Despite today's rose-tinted view, there was hardly high rapport in Washington during Ronald Reagan's presidency.

In American history, division and slow change have been the norm rather than the exception. While often frustrating, this has not always been a bad thing.

There were probably too few checks and balances as the United States entered the Vietnam and Iraq wars. There should have been more checks and balances in place before the huge tax cuts of 1981, 2001 and 2003 — and to avert the many unfunded entitlement expansions of the past few decades. Most experts would agree that it is a good thing that politics thwarted the effort to establish a guaranteed annual income in the late 1960s and early 1970s, as well as the effort to establish a "single-payer" health care system during the 1970s.

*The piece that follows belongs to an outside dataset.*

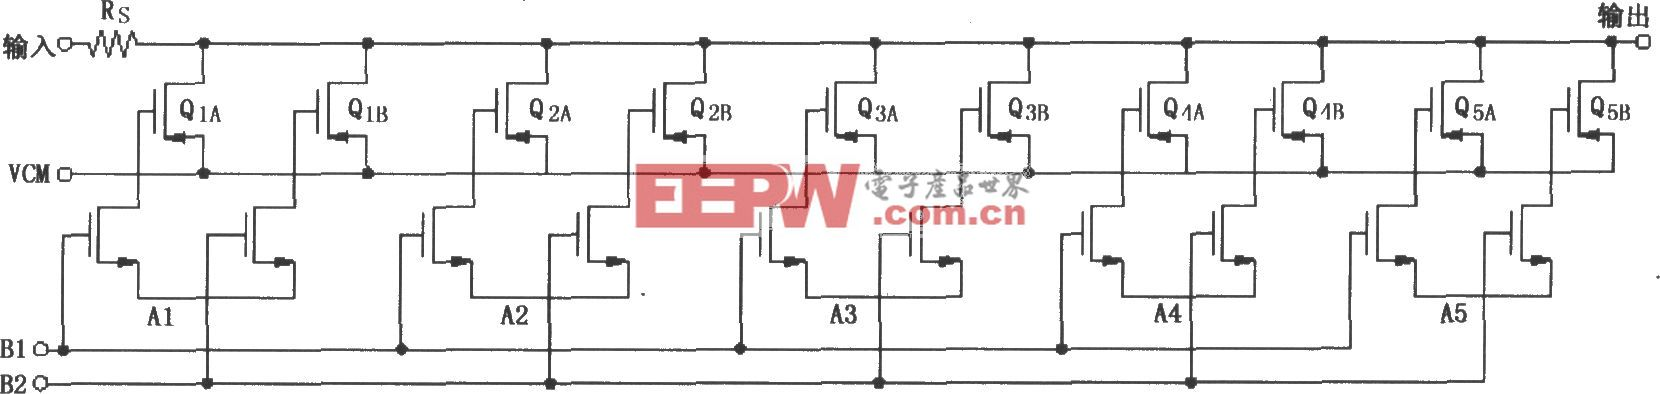 VCA2612/2613/2616可编程衰减器部分电路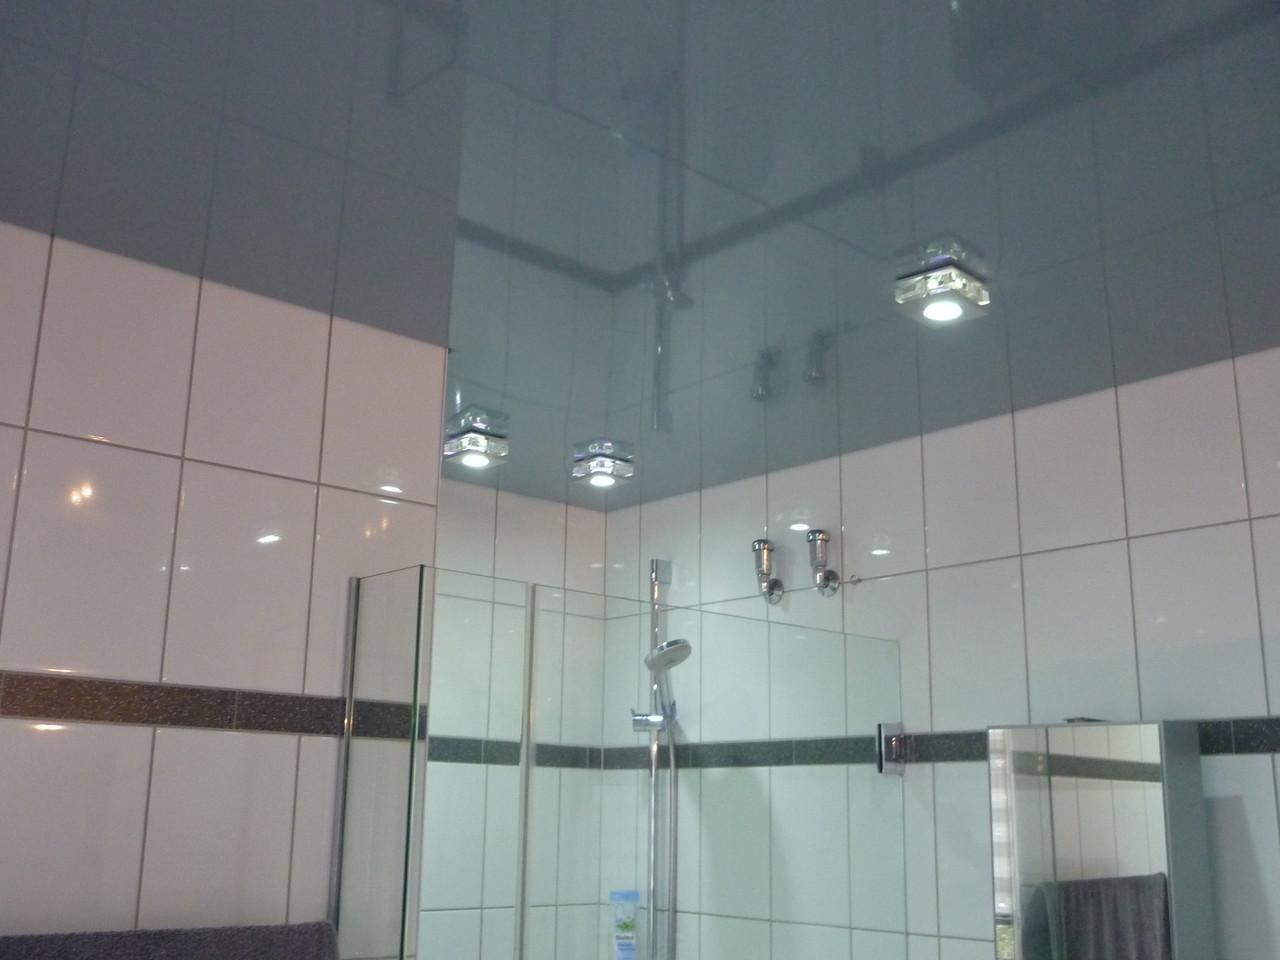 Spanndecke Grau glänzend Badezimmer Iserlohn

The great mistake of the gridlock theorists is to suppose that progress comes from legislation, and that more legislation consistently represents more progress.

While people think the nation is gripped by gridlock, consider what has happened in the past five years: Washington moved faster to contain a systemic financial crisis than any country facing such an episode has done in the past generation. Through all the fractiousness, enough change has taken place that, without further policy action, the ratio of debt to gross domestic product is expected to decline for the next five years. Beyond that, the outlook depends largely on health care costs, but their growth has slowed to the rate of GDP growth for three years now, the first such slowdown in nearly half a century.

At last, universal health care has been passed and is being implemented.

Within a decade, it is likely that the United States no longer will be a net importer of fossil fuels.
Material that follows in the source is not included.